Accusations of reverse churning may be the natural by-product of an industry that is shifting more towards fee-based models.
Arguably, it is more the result of technological advances and what investors value the most – financial planning. Reverse churning concerns, essentially, moving clients from commission-based accounts to more expensive fee-based ones and/or making minimal or no trades or changes to your account while still taking a fee.
Rob McClelland helped move his office to fee-based 15 years ago and said there is value in “calming down the noise” in an account and, therefore, conducting less trading.
If an advisor is getting paid to trade less and leave that stock-picking reputation behind them, what does an investor get for their fee? This is where it gets harder to quantify the intangibles of advice, said McClelland.
In the second part of his interview with WP, he said: “What has changed in the last five years at least, is that everybody’s finally realized the importance of financial planning and that what you’re really paying an advisor for is giving you a plan, keeping you on that plan and preventing you from making mistakes.
“It’s about making sure you have enough savings, that you've got the right estate plan, the right kids’ education plan … all those little things. They're tougher to quantify.”
While every client is different in terms of how much hand-holding and communication they want regarding their account, McClelland believes that an advisor who is just managing a portfolio and doing little else will be out of business in five years.
Technology means anybody can build a value-tilted, diversified global portfolio for about 40 basis points or less.
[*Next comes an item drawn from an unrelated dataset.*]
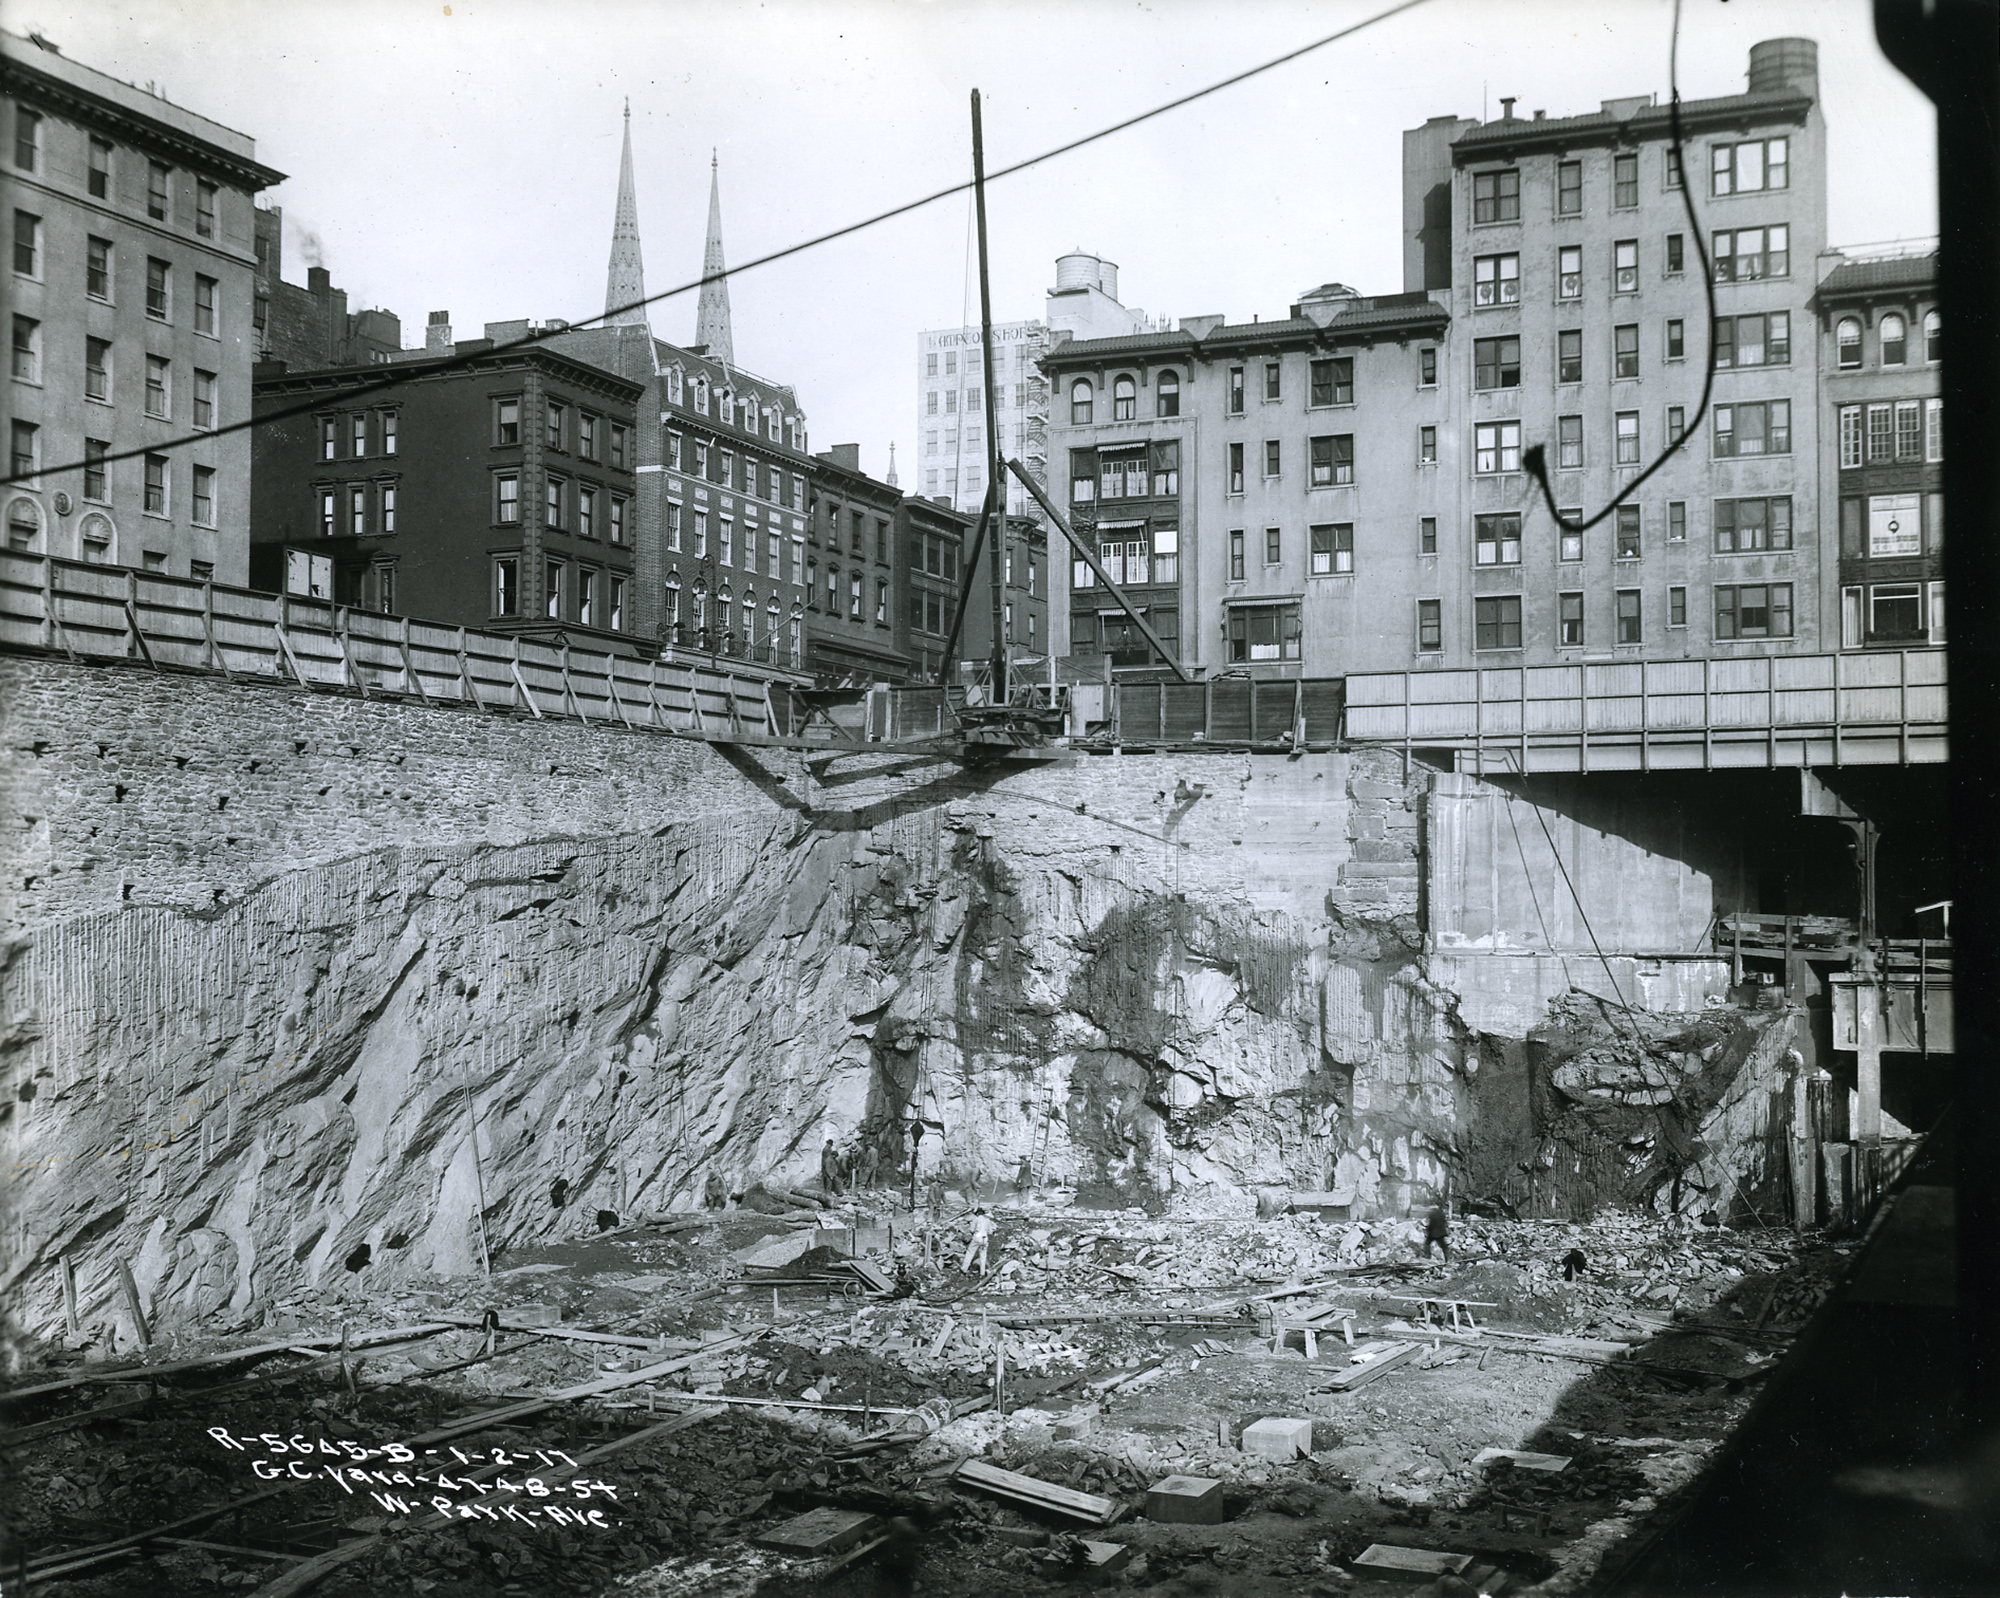 Grand Central train yard under construction, 1917
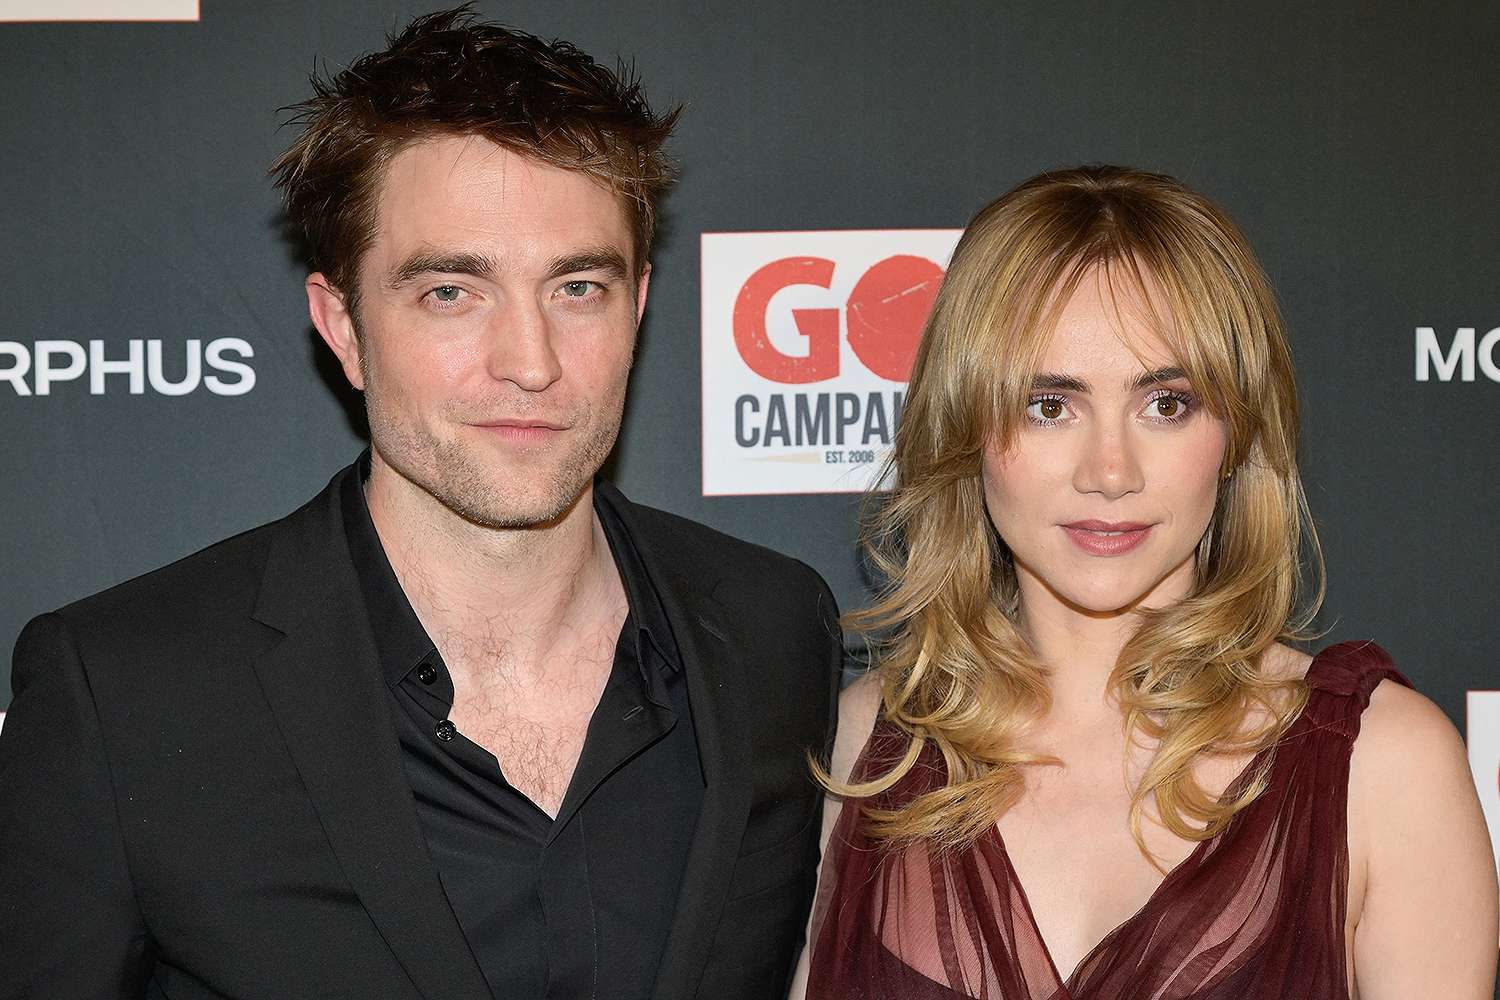 Is Suki Waterhouse Engaged To Robert Pattinson? She Flashes A Ring

McClelland said: “If you calm down the noise in a portfolio, the research shows that you'll probably do better.
“Women typically do better than men because men tend to react more and think that they can outsmart the global marketplace, which they can't. So, do I think there is value in less trading? Yes, although I don't believe in a buy-and-hold because companies certainly go in and out of favour.
“When they're in favour, you have got to be taking some profits off and when other companies go out of favour, you want to add those to your portfolio because they are still pretty good companies.”
The experienced advisor cited various research, including from Vanguard and Russell Investments, that point to the value of an advisor being between 3-4% over time. There is nothing definitive yet, of course, because it’s so hard to put a number on what that relationship means to a client.
“I’ll get a call from a client who wants to buy a condo for their kid,” McClelland said. “I tell them, ‘you don't have the money to do this’. We then have this discussion about why this isn't the right move for you, you're early in your retirement, we don't know if you're getting enough money to do the things that you and your wife want to do. With these types of things, it’s tough to quantify what that’s worth to the client.”